I believe you should instantiate the data from Facet. For the idea behind the Facet is to have a "status" of that information. As an extra, but not as a immutable. So if you change it, the status should be changed too. Or in that case, deleted. if you want to keep or refresh the Facet you should control this in the application as if it were a pipe.
That's my two cents.
This is more complicated than I expected. My advice would be to fetch the facets first before upserting for now. Implementing this properly will take some time.
So, if we have round brackets, then merge. If no round brackets, delete facets.
Is this likely to be implemented base don @manishrjain 's suggestion above?
We'll definitely work on this, no exact timeline yet.
I think an "append" operation should solve the case. Perhaps in cases of KV overwriting we should have an alert preventing the mutation. Or maybe just overwrite it.
Who self-assign? @srfrog , @codexnull , @gitlw , @mangalaman93, @martinmr ?
Has there been any decision on this?
Some updates?????
Hi all,
Sorry for the delay! I'm trying to better understand this feature request. If I understood correctly when you insert the same edge multiple times you'd like to sometimes specify that the previous facets should be merged with the new ones.
What we have now
Currently, if we have a predicate met
between harry
and voldemort
which would have been created with the following mutation:
{
set {
_:harry <name> "Harry" .
_:voldemort <name> "Voldemort" .
_:harry <met> _:voldemort (inYear=2001) .
}
}
Currently, in order to add a new facet, e.g. likes=false
, we need to first fetch the previous facets attached to the predicate so we can then merge them on the client side and send them all back in a new mutation that would look something like the following:
{
set {
<0xb> <met> <0xc> (inYear=2001, likes=false) .
}
}
So if we now run the following query, we'll get both the inYear
and likes
facets:
{
q(func:eq(name, "Harry")) {
uid
name
met @facets {
uid
name
}
}
}
Which returns:
{
"extensions": {...},
"data": {
"q": [
{
"uid": "0xb",
"name": "Harry",
"met": [
{
"uid": "0xc",
"name": "Voldemort",
"met|inYear": 2001,
"met|likes": false
}
]
}
]
}
}
Proposal
Fetching all facets before adding a new one can be sometimes complicated, requires transactions, and seems to not be the easiest way to add one more facet to an existing predicate.

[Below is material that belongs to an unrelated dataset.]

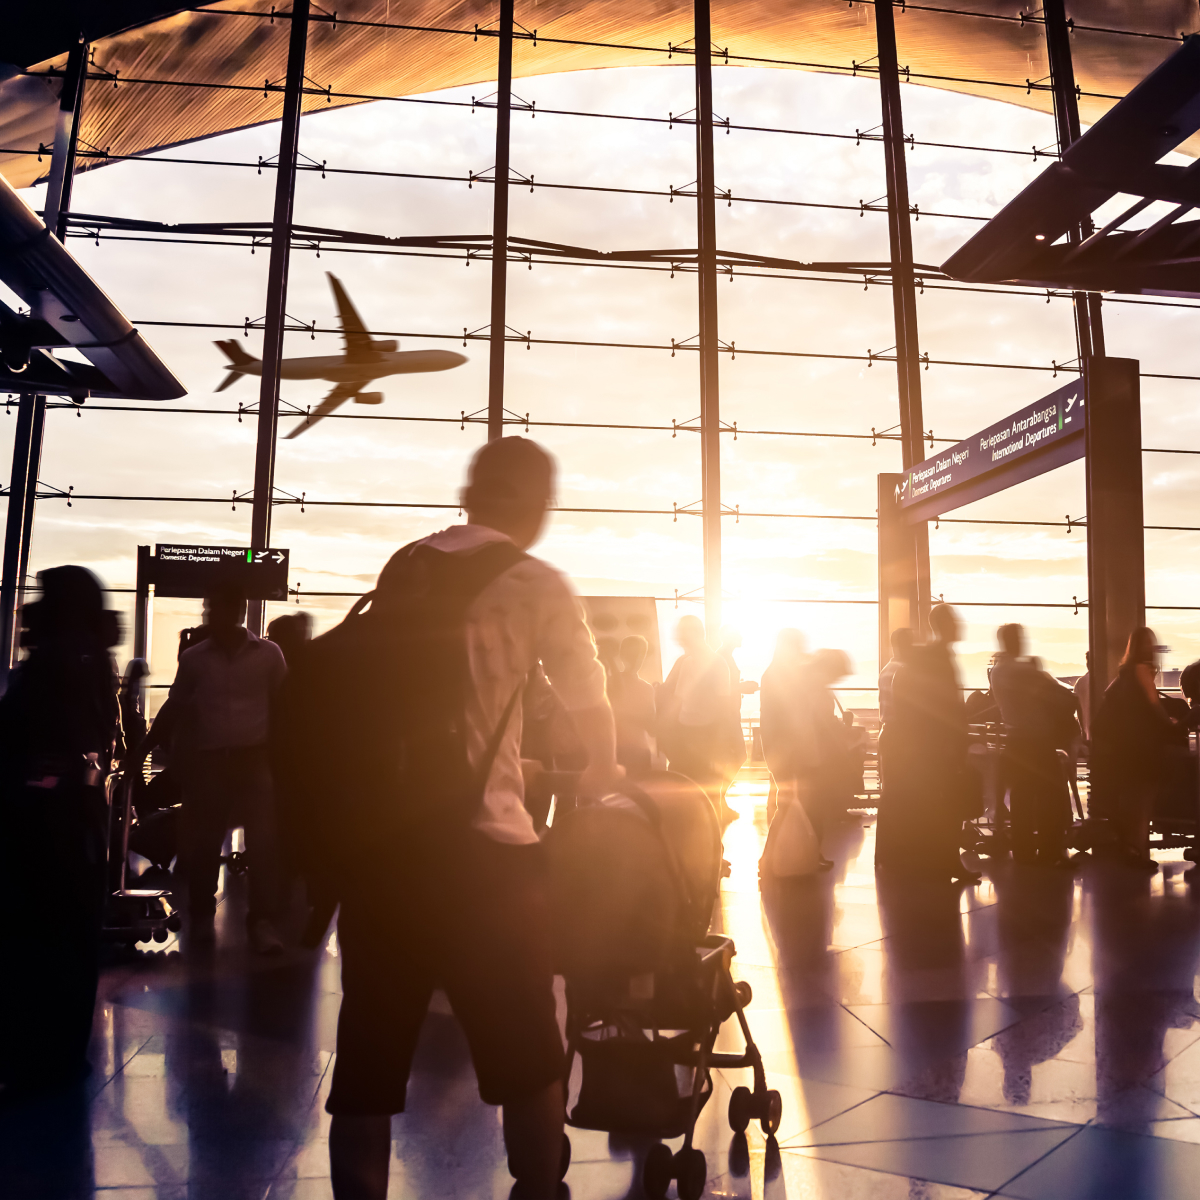 


                              

The Biggest Benefits of Airport Analytics

We would like to be able to provide syntax for the following cases:
- we want to remove all previous facets
- we want to replace all previous facets with a new set
- we want to keep the existing facets and add a new set
Currently, (1) is simply done by not passing any facets. Similarly, (2) is done by passing a list of facets in the mutation.
So we need to provide a new syntax for (3). Since the N-Triples specification does not provide any support for facets, I would recommend simply adding a +
right before the parentheses grouping the facets.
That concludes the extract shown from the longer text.